Economist Ioana Pop then points to what she calls "the small miracle of employment." Despite the crises, the Luxembourgish economy has continued to create many jobs over the last five years (70,000 additional jobs to be precise), with annual domestic employment growth of +3.1%, compared to +3% between 2013 and 2018. The unemployment rate is also lower than it was at the start of the mandate (4.8% compared to 5.5%).

It is also worth mentioning Luxembourg's lead in Europe on remote working: in 2020, Luxembourg ranked first among EU countries, with 48% of people working from home (this figure fell slightly in 2021 to 45% but remains high).

Finally, Idea highlights another Luxembourgish record, that of gender equality in the labour market: In addition to near gender parity in salaried employment, women also earn more than men on average, which is unprecedented in the EU.

Weaknesses: The challenge of debt and an uncertain future

As one might expect, this state support has not been "free." The flexibility with which Luxembourg cushioned the health and energy crises was based first and foremost on "the prior existence of significant budgetary room for manoeuvre," or simply put, a nest egg. These crises were also averted "at the cost of increasing public debt, which could prove problematic in a context of rising interest rates." Between 2018 and 2023, public spending increased from 42.3% to 44.9% of GDP. "The next government will have to face this challenge of debt," warns Vincent Hein.

The general government deficit has also increased, with the consolidated gross debt rising from 20.9% in 2018 to 26.3% in 2023, and it is likely to approach 30% as early as 2026, especially if it is "accelerated by the rise in rates and by the decisions taken at the tripartite meeting on 3 March 2023." This slump in Luxembourg's public finances "risks reducing Luxembourg's ability to cope with future crises" Idea warns.


The return of inflation is also cause for concern, particularly for Luxembourg-based companies: "Continued high energy prices, rising interest rates, and the wage indexation mechanism could weigh on both the profitability of companies and their room for manoeuvre to invest." Particular mention should be made of the country's crucial construction sector, which "is also experiencing turbulence linked to this new context, which has dampened demand." There are also concerns for the financial centre, as illustrated by the recent tensions in the banking sector at the international level.
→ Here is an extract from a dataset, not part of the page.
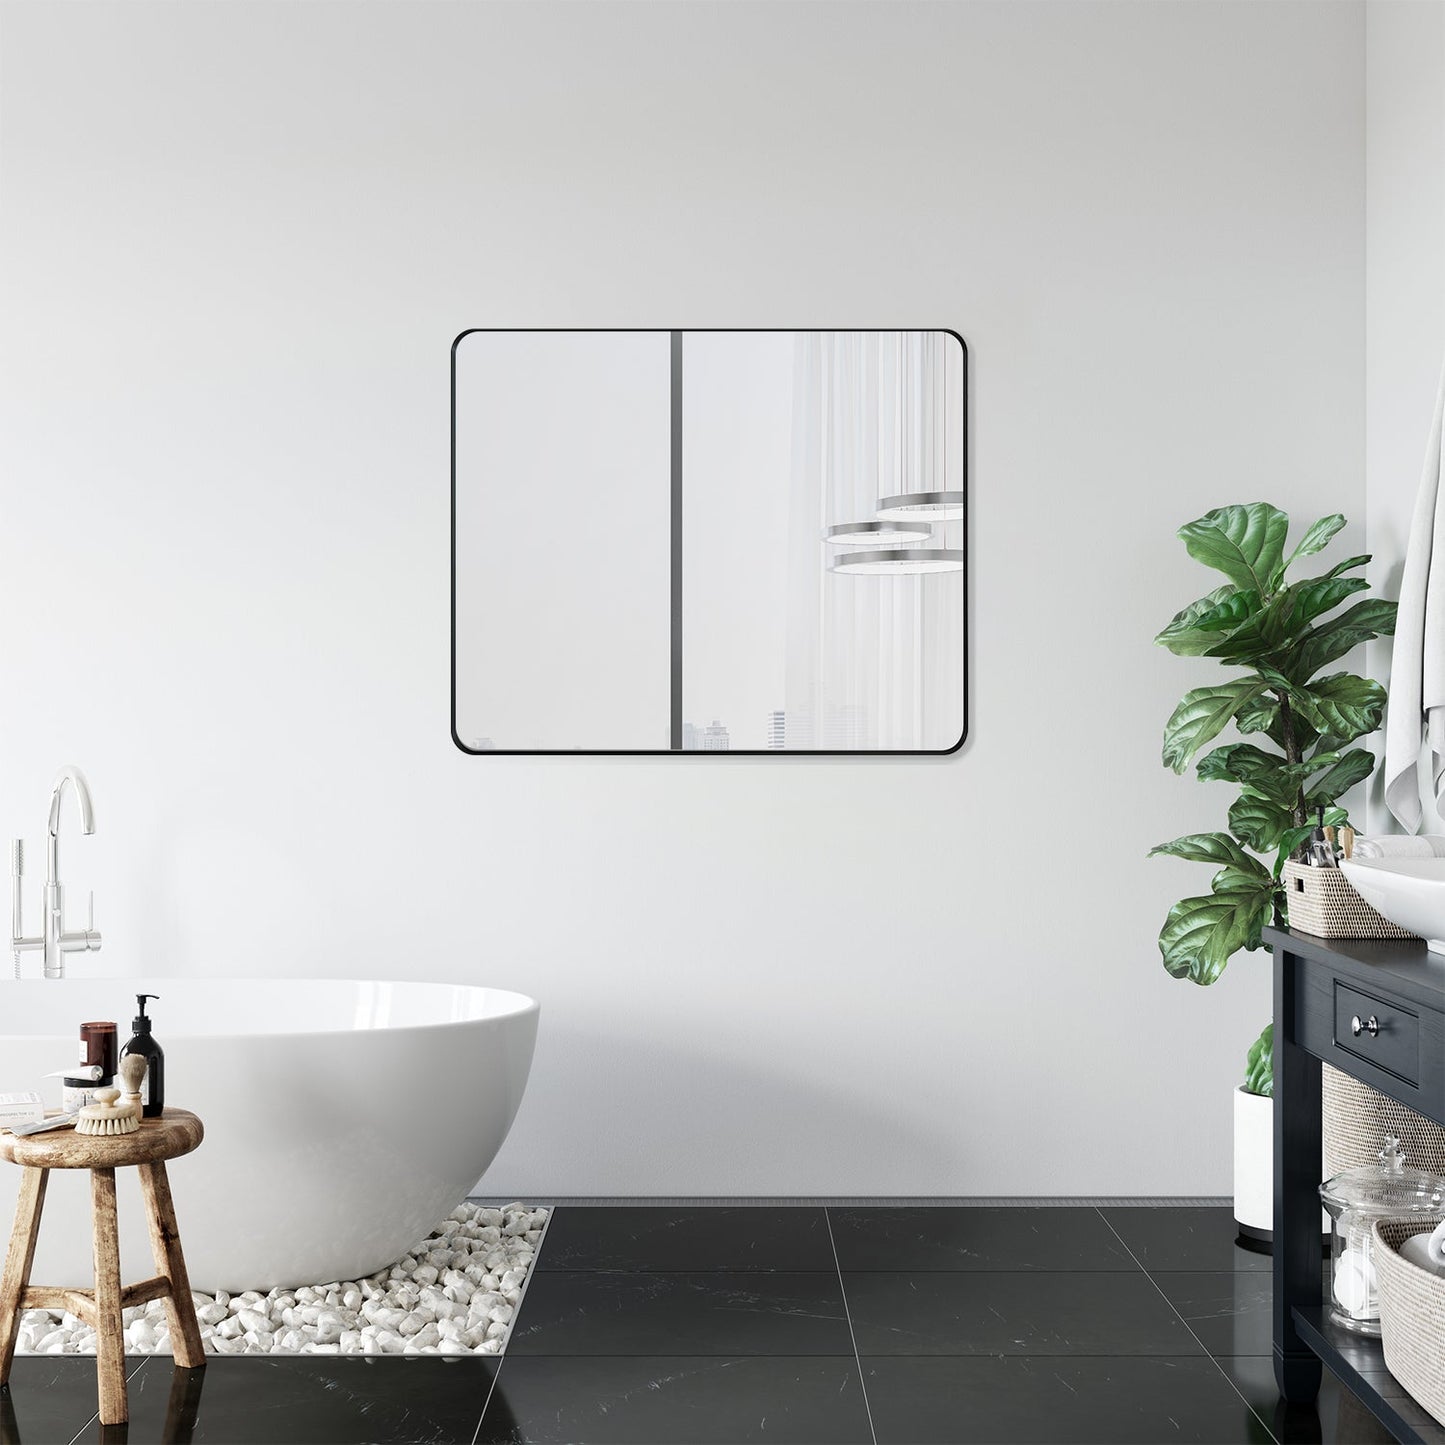 Nettuno 36" Rectangle Bathroom/Vanity Matt Black Aluminum Framed Wall Mirror

And several sectors are already in the red, such as the hotel and catering as well as the trade sectors, which "have shown a decline in activity indicators over the past five years."
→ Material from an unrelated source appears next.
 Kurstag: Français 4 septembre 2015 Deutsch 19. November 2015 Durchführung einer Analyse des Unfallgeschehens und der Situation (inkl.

The Idea Foundation also lists several economic downturns exacerbated by the crises: "slower growth, increase in the non-market sector of the economy, drop in apparent labour productivity, stagnation of GDP per capita…"

In short, Vincent Hein concludes, "we are entering a new economic cycle, with the return of inflation and high interest rates; this new cycle will have to be monitored," as it is fraught with uncertainty. In addition, households are not mistaken, according to Vincent Hein, as they "feel that this is the time to set aside savings for a rainy day."